Where have you been, my blue-eyed son?

Thursday, May 24, 2012

I've been on a Dylan kick for a couple days, compulsively listening to the Rolling Thunder Revue version of "A Hard Rain's A-Gonna Fall."  Found out today's his birthday.  HB, Bobby Z.

Drawing-poem blog

Thursday, May 24, 2012

Hey, have you seen the blog of collaborative drawing-poems my brother and I keep?  (It's his drawings and my words.)  We called it Malfeez, a reference to a German board game and an archaic word in German that means "misdeed" or "bad action."  We will be updating it more this summer.


Down by the Riverside

Tuesday, May 22, 2012




by Joanna Penn Cooper and Todd Colby

It is a vulgar error to assume the things you see there
were put in the mud just for you.  You'll be dead soon
enough, and you can think about it then, how a certain
percentage of the population walks around reading
your mind like it was an ad for laser surgery on the A train.
I won't even mention the ghosts who wait for you outside
the bathrooms of historic homes, but I just did so: there
are ghosts outside bathrooms of historic homes waiting
just for you. Go to them but come to me first: I have the drugs,
the good ones for your alienation. But don't be alarmed, you
have the option of paying a different fee, like joining a cult
to help you with your thinking or playing the hero and feeling
your feelings all the time. But I digress; in fact, I'll be frank
and positive. I'll be so frank and positive it will mildly terrify
the people around me who don't quite see things my way.
That's what the river is for: wrapping my friends
in light gauze and tossing them into the water.

News from here

Friday, May 18, 2012



1.  I wrote a short piece on Will Oldham for the music issue of Poetry Crush.  I'm glad to be included with these contributors writing interesting pieces on some of my favorite musicians and songs.
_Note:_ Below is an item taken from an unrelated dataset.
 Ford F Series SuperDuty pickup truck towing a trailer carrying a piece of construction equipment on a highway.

2.  Love for Donna Summer, who was (strangely?) important to me as a child.

3.  I'm working on more collaborative poems with Todd Colby.  TC is back in Brooklyn, and I am here in Vermont, but through the magic of technology, we can quickly send each other lines.  I am also working on some other writing.  And I'm surrounded by visual artists and starting to get to see their work (and will get to see more in the next few weeks).  I've been thinking a lot about paintings.
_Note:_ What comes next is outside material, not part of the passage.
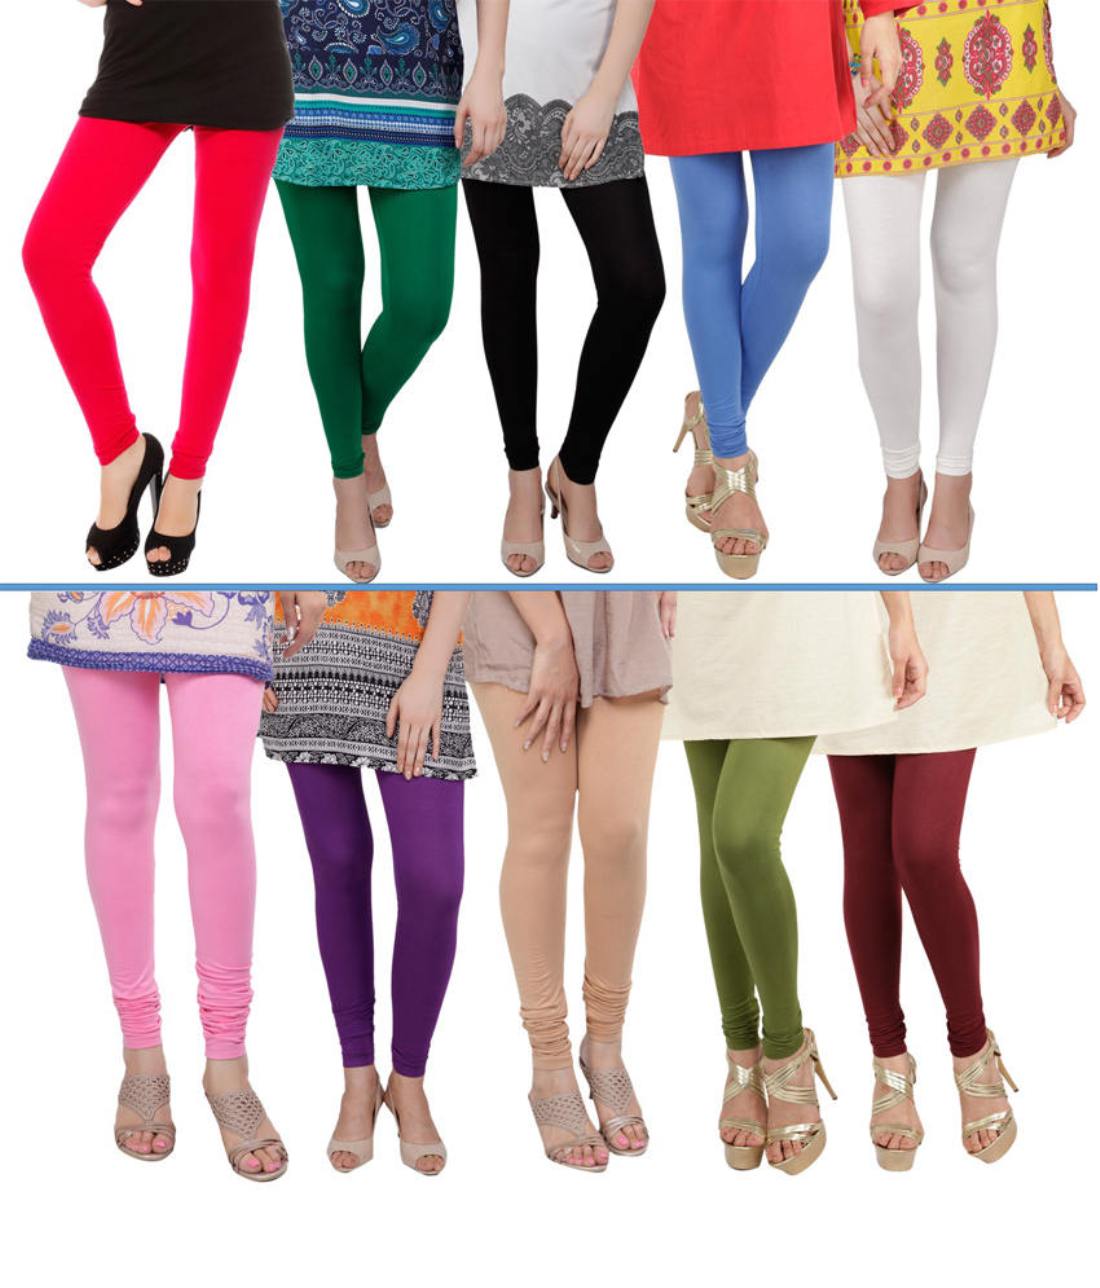 All Colors Available Ladies Lyra Legging at Best Price in Halol

4.  I'm at a residency in VT until 6/8.  If you'd like to send me a postcard or good old-fashioned handwritten letter, here is the address:  Joanna Penn Cooper c/o VSC, PO Box 613, Johnson, VT 05656.  


HB

Thursday, May 10, 2012

My little brother is a whopping quarter century old today.  I hope  he stays sassy as he moves firmly into adulthood.  Here are some highlights of his visits to New York since I've lived here.

Japanese snacks.

 His notes from a poetry reading I made him go to.

Pretending to be a "Brooklyn hipster."

Hanging around.

Stay gold, Ponyboy.

May!

Wednesday, May 02, 2012



Well, National Poetry Month is over, and with it poem-a-day April.  As usual, it was challenging and gratifying and a little scary to post a new draft every day.  I will take my April drafts down in a few days, in order to work on revising them.  But thank you to my friends who read them.  And to my friends who wrote them.  Here's Annmarie O'Connell's amazing poem for the last day of the poem-a-day challenge.  It is strange and moving and beautiful, as the best poems are.
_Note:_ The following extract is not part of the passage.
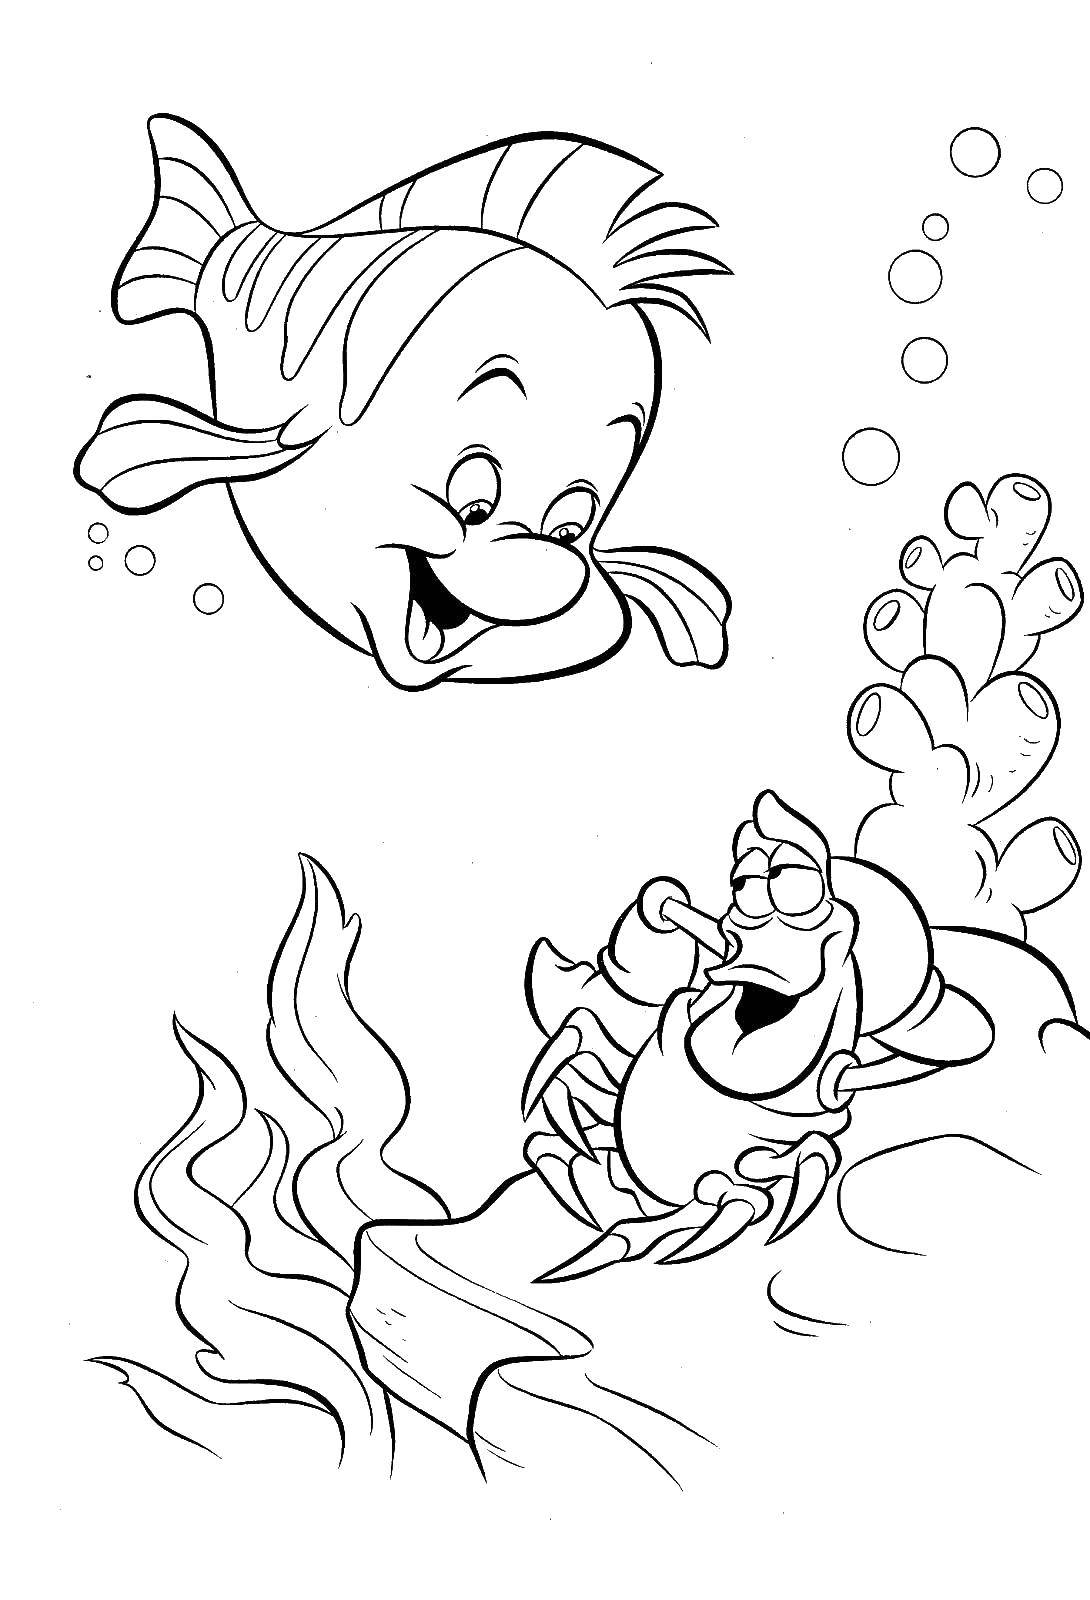 Coloring Fish and crab. Category Disney cartoons. Tags:  Disney cartoons, fish, crab.

And thank you again to Maureen Thorson for featuring my blog on the NaPoWriMo site and to Jennifer L. Knox for featuring two (!) of my poems on the Best American Poetry blog.  Wow.  (By the way, check out Jen's desert island music picks on over at the Poetry Society of America.)

I can't believe it's May already, and that my Vermont writing residency is coming up.  eep.  I'm grateful to everyone who's donated to my fundraising page for the residency.  And sincerely grateful for the wonderful writing community and support system I have in general.  Truly.

Happy second day of May, everyone.  Allons-y!